Compound: [NBu4+]2[B12Br11OH2−] ((NBu4)2•3)
White powder; mp > 300 °C; 1H-NMR (400 MHz, methanol-d4) δ 4.60 (s, 1H), 3.26 (t, J = 8.6 Hz, 16H), 1.65–1.73 (m, 16H), 1.45 (m, 16H), 1.05 (t, J = 7.4 Hz, 24H); 11B-NMR (128 MHz, methanol-d4) δ −4.01 (s, 1B), −13.92 (s, 10B), −16.44 (s, 1B); 13C-NMR (101 MHz, acetone-d6) δ 58.56, 23.66, 19.56, 13.12; HR-ESI-TOF-MS m/z calcd for B12Br11OH 513.1070, found 513.1073; Anal. Calcd for C32H73B12Br11N2O: C, 25.44; H, 4.87; N, 1.85. Found: C, 25.11; H, 4.31; N, 1.99.

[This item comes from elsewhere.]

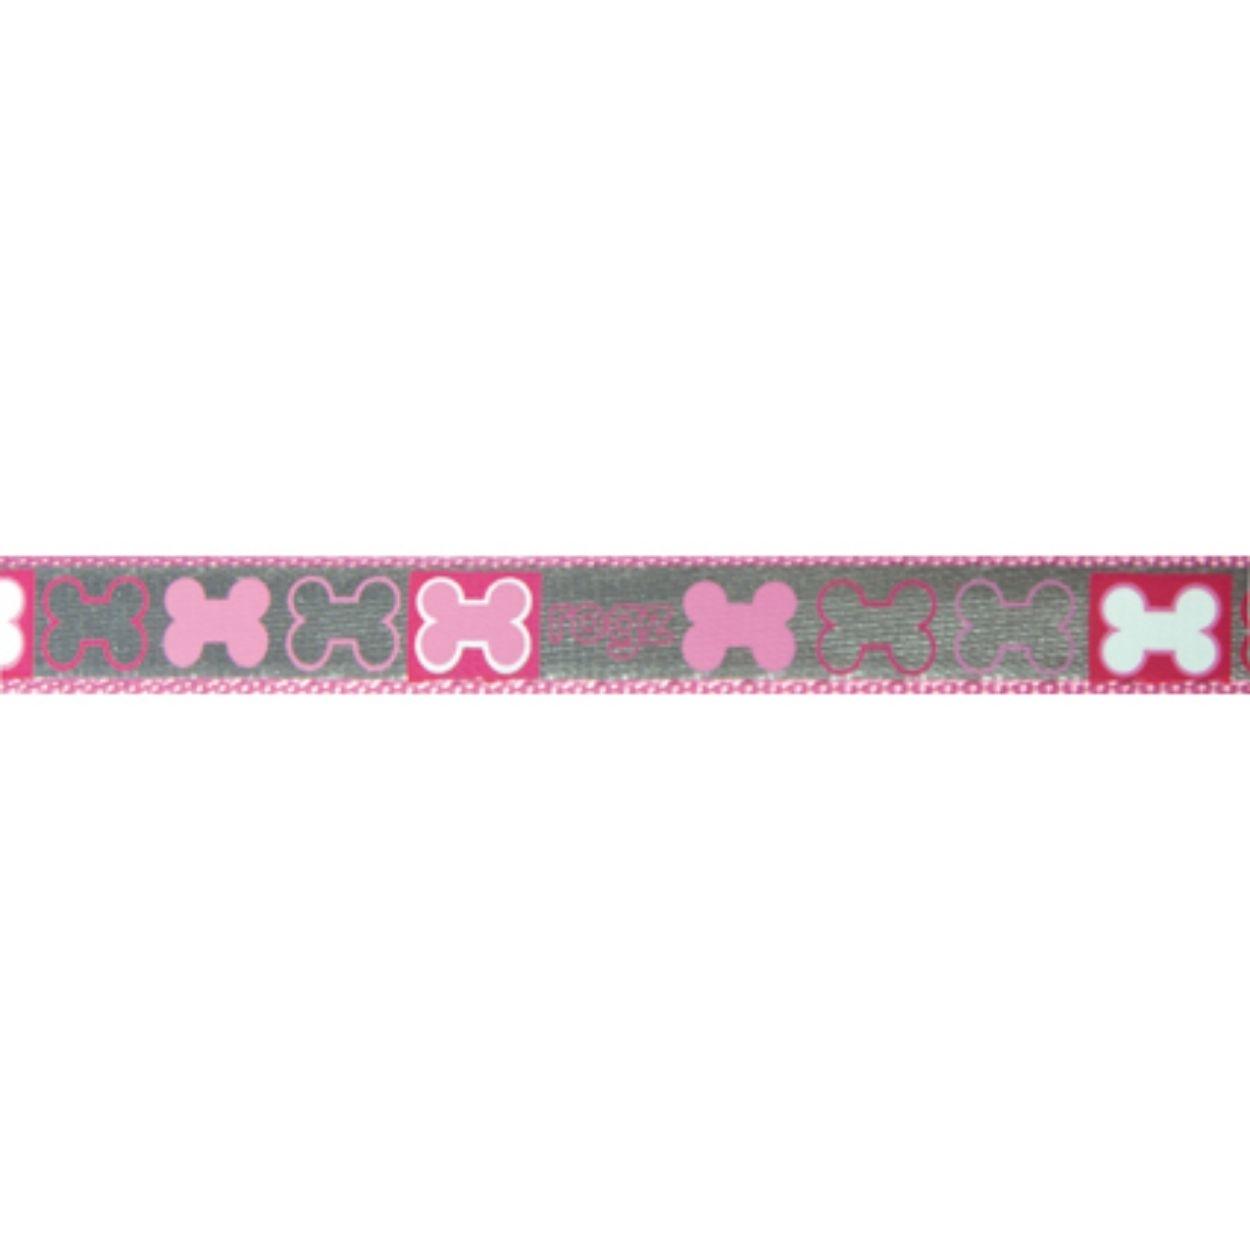 Rogz Reflecto - Hundeleine reflektierend, pink - 180 cm x 8 mm

2.3.2. Procedure for the Alkoxylation of [B12Br11OH2−]
(NBu4)2•3 (98.8 mg, 0.065 mmol), KOH (26.0 mg, 0.46 mol) 1,5-dibromopentane (0.2 mL, 1.53 mol) and DMSO (1.5 mL) were placed in a Schlenk tube and stirred at room temperature for 16 h. The solvent was removed under vacuum, and the solid was washed with water and hexane, dried in air to give pure (NBu4)2•4 (78 mg, 72% yield).
Compound: [NBu4+]2[B12Br11O(CH2)4Br2−] ((NBu4)2•4)
White powder; mp > 300 °C; 1H-NMR (400 MHz, acetone-d6) δ 4.17 (t, J = 5.9 Hz, 2H), 3.53 (t, J = 7.0 Hz, 2H), 3.46 (t, J = 8.5 Hz, 16H), 1.92–1.99 (m, 2H), 1.81–1.89 (m, 16H), 1.51–1.61 (m, 2H), 1.47 (m, 16H), 1.00 (t, J = 7.4 Hz, 24H); 11B-NMR (128 MHz, acetone-d6) δ −4.51 (s, 1B), −14.03 (s, 10B), −16.55 (s, 1B); 13C-NMR (101 MHz, acetone-d6) δ 64.66, 58.57, 34.78, 32.59, 31.03, 24.52, 23.62, 19.54, 13.06; HR-ESI-TOF-MS m/z calcd for B12Br11O(CH2)5Br 587.6010, found 587.5917; Anal. Calcd for C37H82B12Br12N2O: C, 26.78; H, 4.98; N, 1.69. Found: C, 26.43; H, 5.12; N, 1.88.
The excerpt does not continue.